The first generation has a number of variants: 2RH; 2RJ; 2RK; 2RL; 2RM; 2RN; 2TU; 2UT; 2VR; 3FN; 3PA; 3PB; 3PC; 3PD; 3PE; 3SY; 3TY.

=== First Generation TZR 4dl 1 (R) ===
In 1991, Yamaha introduced the R series of TZR125s which have very little in common with the previous generation. Known as 4dl series 1 They can be identified by the separate rider and pillion seats, and it has a squared rear fairing with storage compartment under the seat accessed by a flap at the rear, upside down forks, scoops on the sides of the fairings. it is easily distinguished in comparison with the series 2

It was assembled by Belgarda in Italy from imported Japanese parts and made use of Italian components. Brembo brake system and rims, upside down Paioli forks and the crankcase manufactured by Moto Minarelli. The 4DLs can be identified by the code 3MB00 embossed on the cylinder block and 4DL at the start of the serial numbers on the crankcase and frames. The 4DL came in two versions.
Series 1 ended in 1992 or 1993.
from 1993 onwards came the TZR 125 (RR) (series 2) which is a very different bike
with a revised engine.
Some of the differences between the series 1 (R) and series 2 (RR) are as follows

different gearing and gearbox components
cylinder and cylinder head,
CDI,
servo,
fairings,
frame (braced with cut outs near seat),
exhaust (long stinger),
airbox,
storage access changed with newer fairing
no sidelight above the headlight.
and new paint schemes
easily distinguishable against the series 1.
it also uses a smaller carburettor

==Other models==
Belgarda also produced in limited numbers TZR125R SPs which have varying swingarms and increased power ratings.
It is said to be a 33bhp machine

The 4DL (Series 1) shares the same frame as some versions of the Yamaha TZR250 and was also used for the Yamaha Yamaha SZR660 Belgarda which uses a XT660 engine. with different engine mountings beautifully welded at the factory.

The TZR125R SP is based on the 4DL Series 1, distinguished by its adjustable forks and specific frame serial codes. While many SP models featured a black Deltabox frame, some were produced with a polished finish.

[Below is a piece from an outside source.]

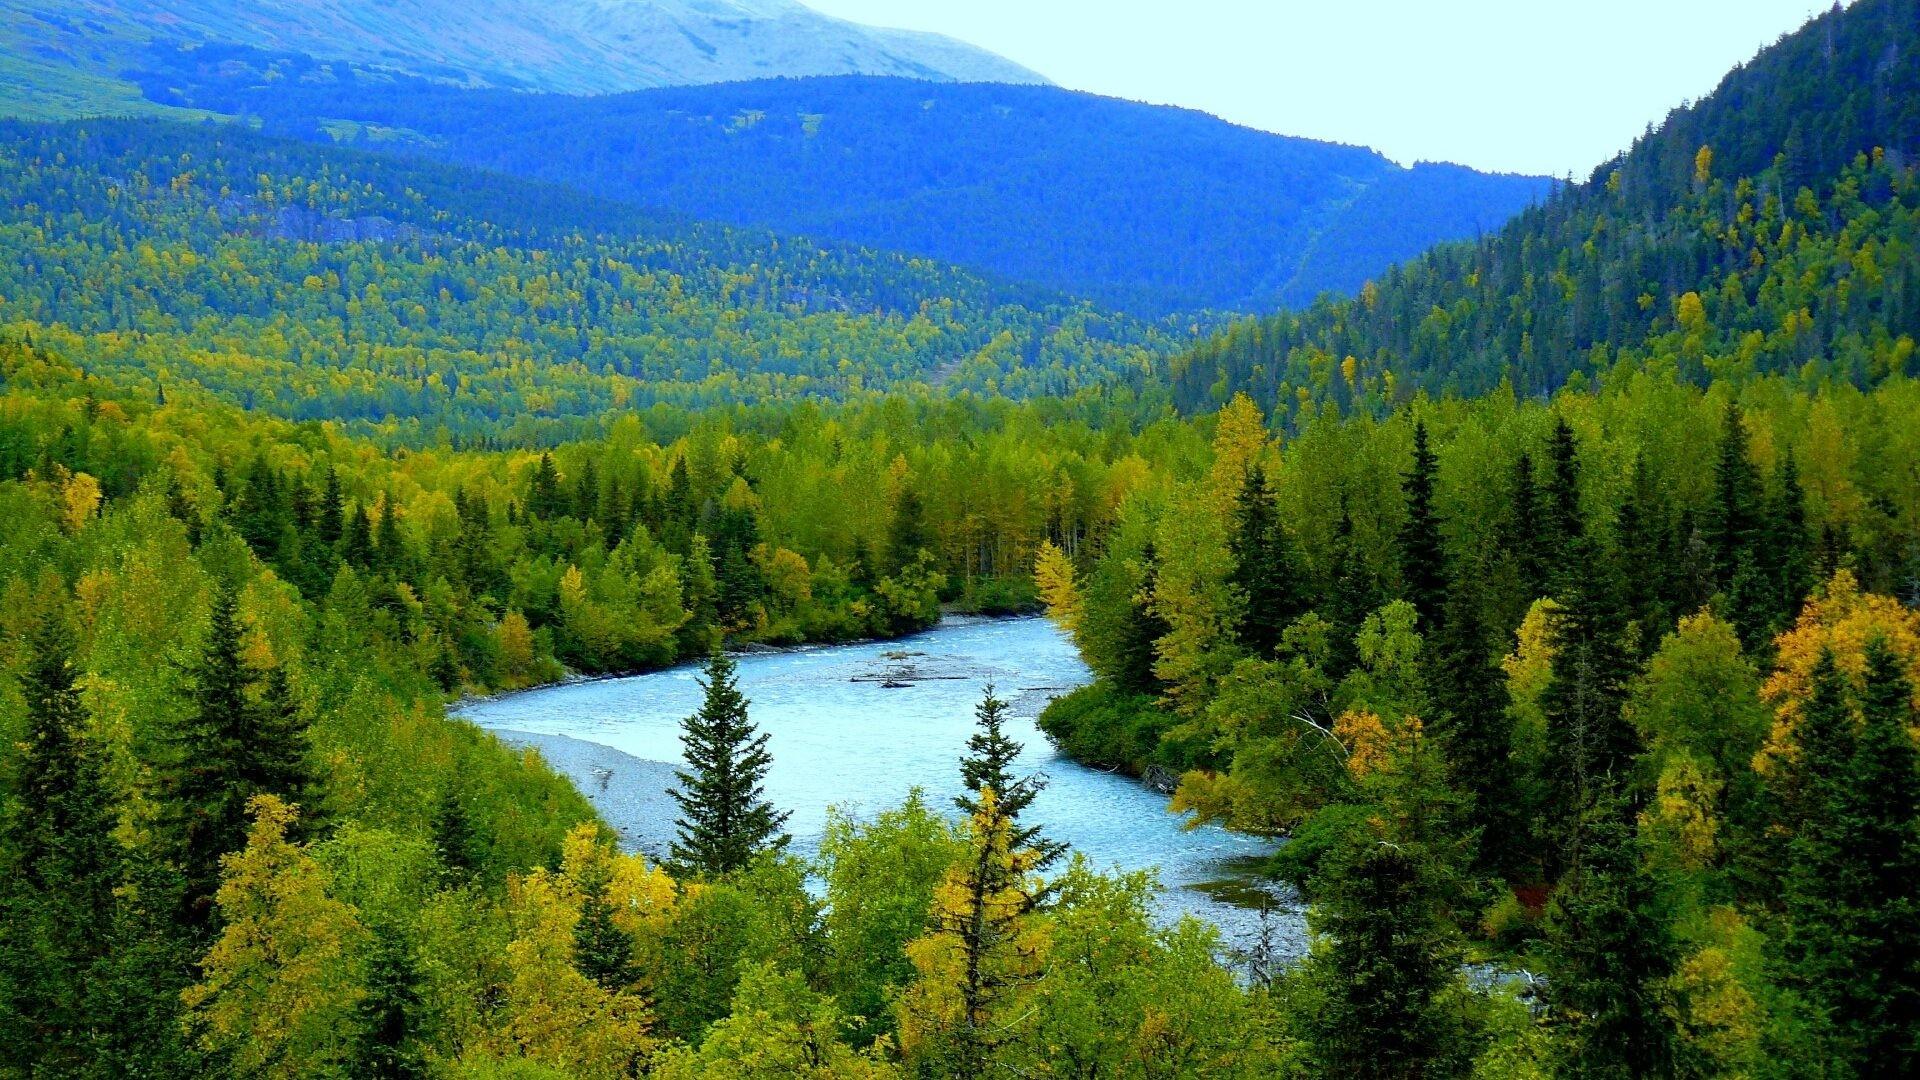 Alaska wallpaper screensaver 56 images - Hd wilderness wallpapers ...

The SP engine utilizes cylinders with the 4DL-00 prefix, differing from the (R) and (RR) variants in porting architecture and timing. These cylinders feature additional ports, necessitating a dedicated CDI and specific engine management components. Production numbers for the SP version are unverified, though estimates typically range between 500 and 900 units.

Due to the model's rarity, various "SP-style" replicas exist. While some 4DL Series 1 frames have been painted black to mimic the SP aesthetic, the frames themselves are structurally identical across the Series 1 line.

The Swiss market 4DL are known as 4HE.

As with the previous generation, Yamaha has a number of variants: 4BN; 4CL; 4DL; 4FL; 4GM; 4HE; 4HW; 4HX; 4JB.